KNET
- Palestine, Texas; United States;
- Frequency: 1450 kHz
- Branding: 94.5 KLVQ & 95.7 KNET

Programming
- Format: Classic hits

Ownership
- Owner: Tiffany and Kristi Spearman; (Zula Com, LLC);
- Sister stations: KLVQ; KYYK; KWRD; KCKL;

History
- First air date: January 2, 1936
- Former call signs: KNET (1936–1987) KYYK (1987)

Technical information
- Licensing authority: FCC
- Facility ID: 72837
- Class: C
- Power: 630 watts
- Transmitter coordinates: 31°46′22.00″N 95°36′59.00″W﻿ / ﻿31.7727778°N 95.6163889°W
- Translator: See § Translator
- Repeater: 1410 KLVQ Athens

Links
- Public license information: Public file; LMS;

= KNET (AM) =

KNET (1450 AM) is a terrestrial American radio station, relayed by an FM translator, simulcast with sister station KLVQ in Athens, and broadcasting a classic hits format, primarily focused on the decades of the 1980s and 1990s.
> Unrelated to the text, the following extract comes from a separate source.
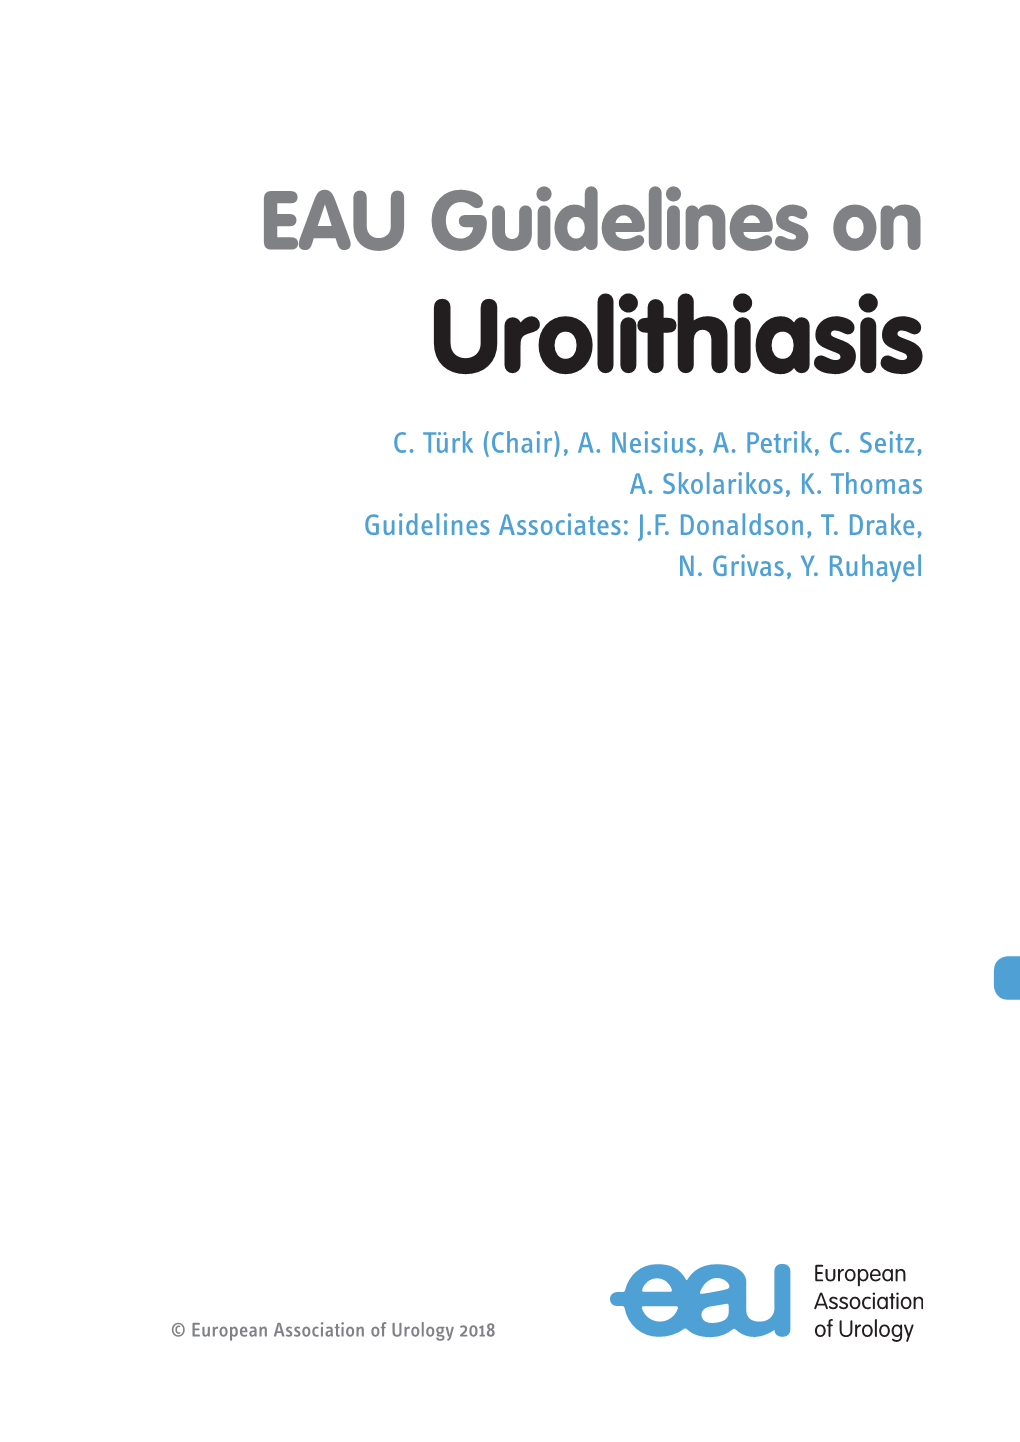 EAU-Guidelines-On-Urolithiasis-2018

Licensed to Palestine, Texas, United States, the station is currently owned by Tiffany and Kristi Spearman through licensee Zula Com, LLC.

==Translator==

Broadcast translator for KNET
| Call sign | Frequency | City of license | FID | ERP (W) | HAAT | Class | Transmitter coordinates | FCC info | Notes |
|---|---|---|---|---|---|---|---|---|---|
| K239AM | 95.7 FM | Palestine, Texas | 156885 | 250 | 105 m (344 ft) | D | 31°46′21.40″N 95°36′59.20″W﻿ / ﻿31.7726111°N 95.6164444°W | LMS | First air date: October 11, 2007 |

==History==
The station was assigned the call letters KYYK on July 1, 1987. On September 21, 1987, the station changed its call sign to the current KNET.

On April 6, 2022, KNET flipped its format from news/talk to classic hits.